What is needed is a word-for-word copy of the listing below, without pictures.

■ Data provided ■
──────────────────────────────

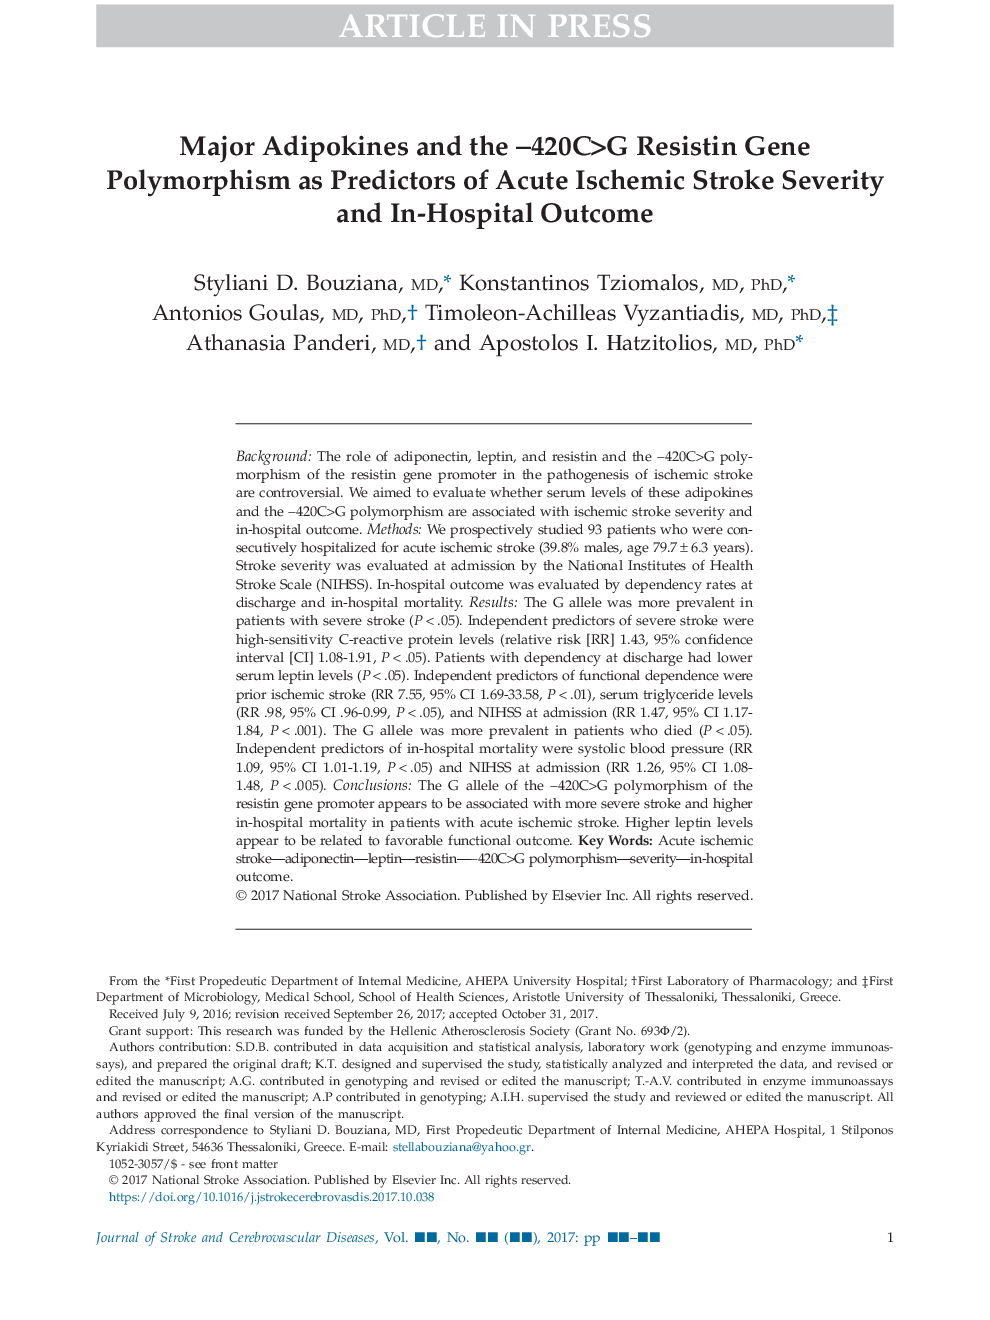 Major Adipokines and the â420C>G Resistin Gene Polymorphism as Predictors of Acute Ischemic Stroke Severity and In-Hospital Outcome
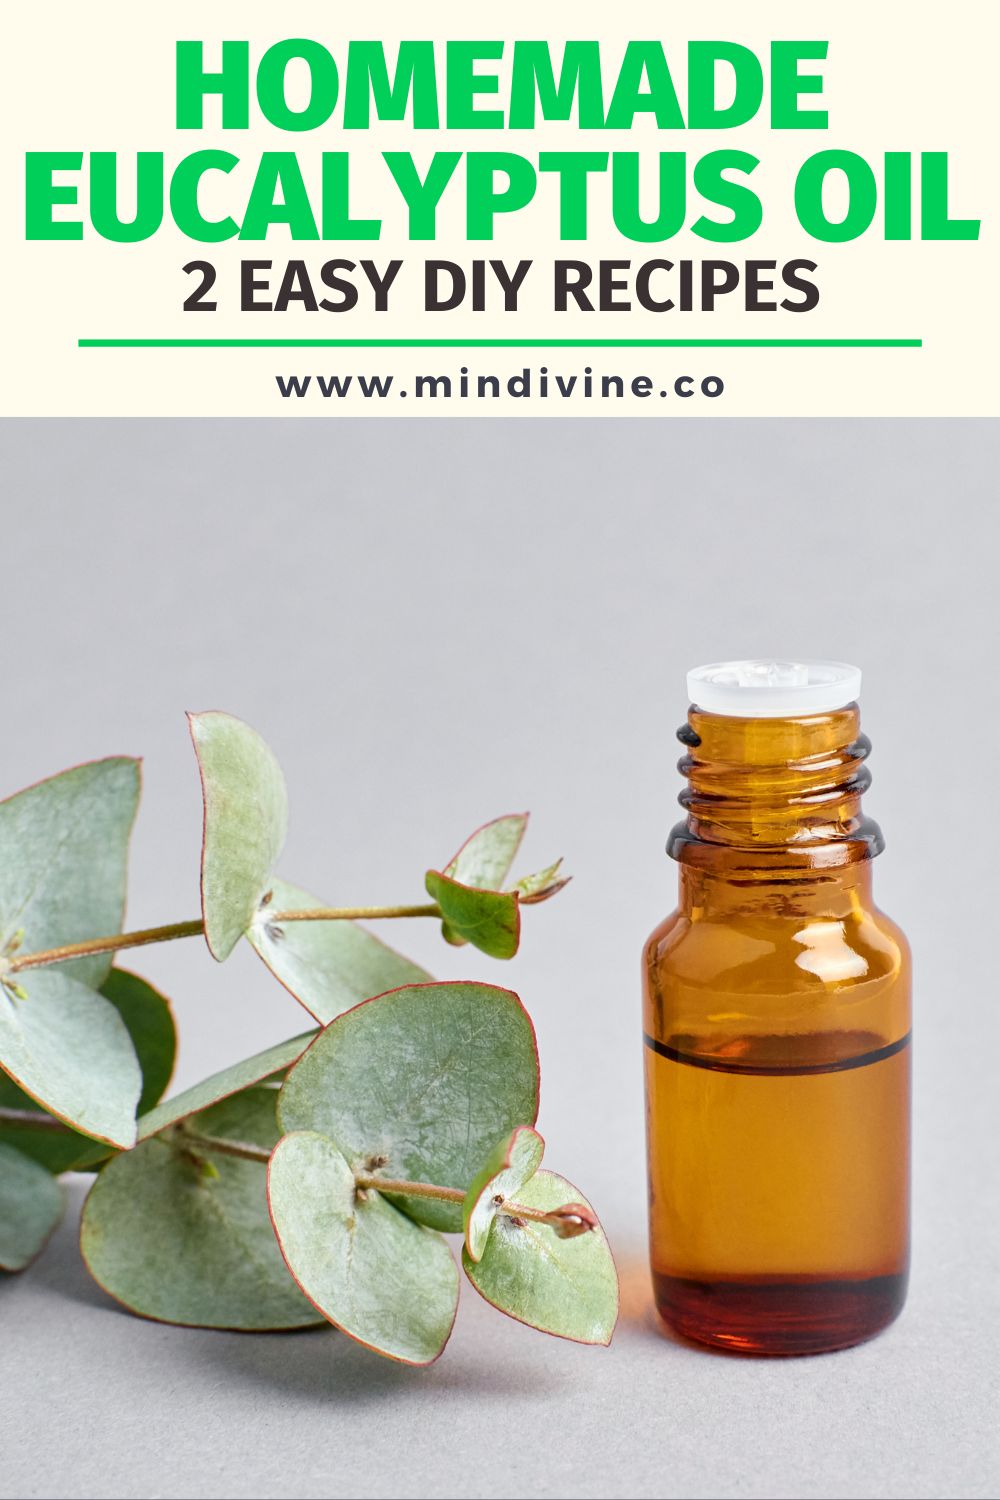 How to make eucalyptus oil with homemade recipes.
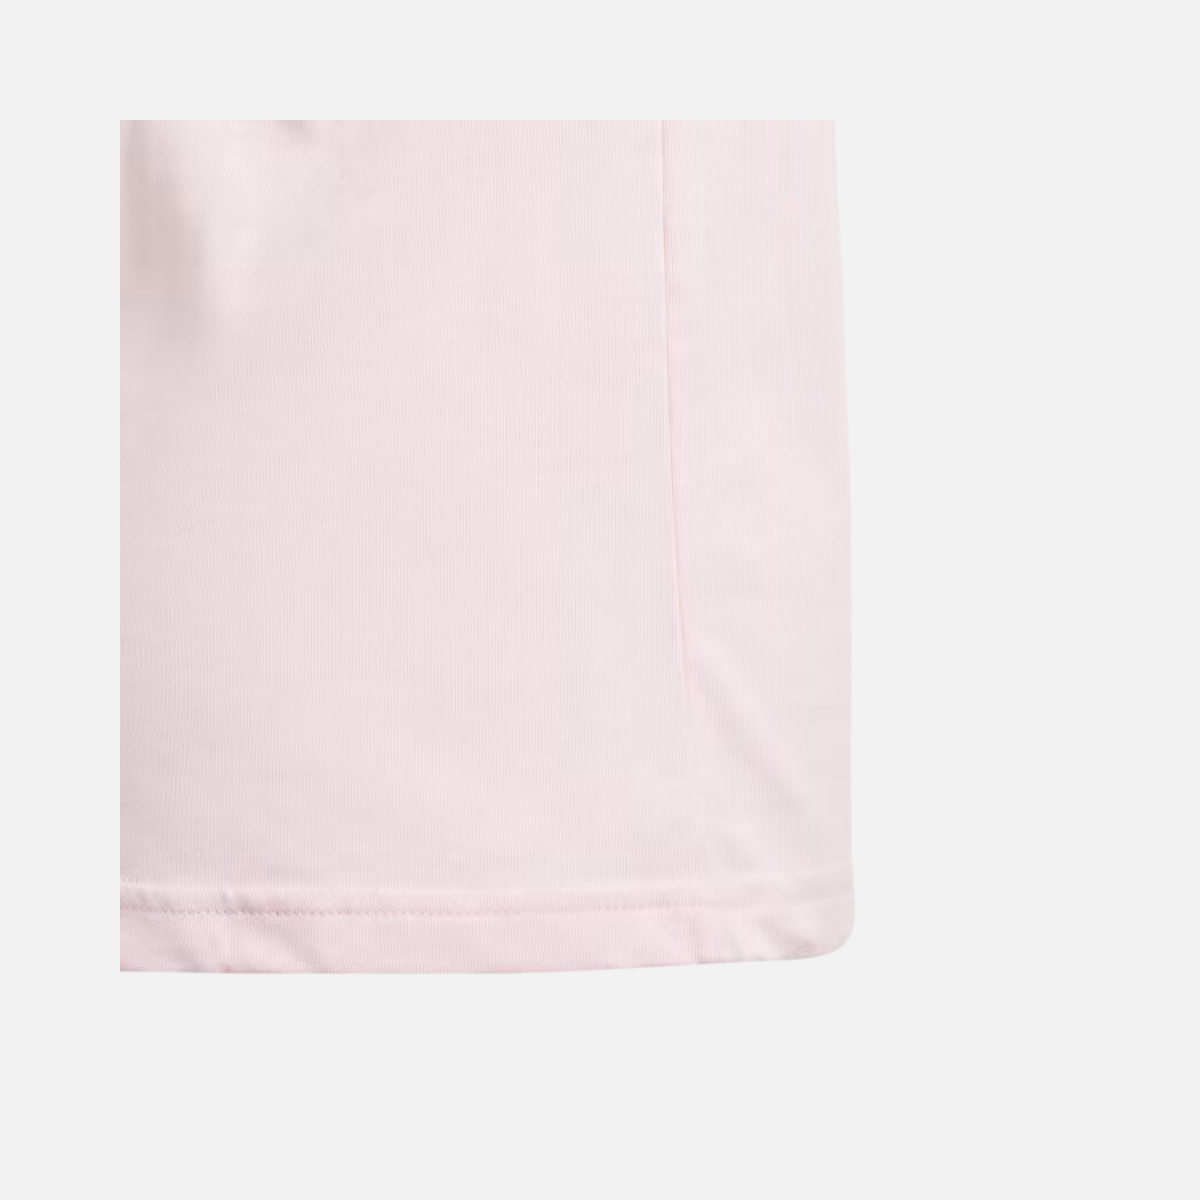 Adidas Essentials Big Logo Kids Girls Cotton T-shirt (7-15 Year) -Clear Pink/White

──────────────────────────────

■ Answer area ■
 Major Adipokines and the â420C>G Resistin Gene Polymorphism as Predictors of Acute Ischemic Stroke Severity and In-Hospital Outcome
 How to make eucalyptus oil with homemade recipes.
 Adidas Essentials Big Logo Kids Girls Cotton T-shirt (7-15 Year) -Clear Pink/White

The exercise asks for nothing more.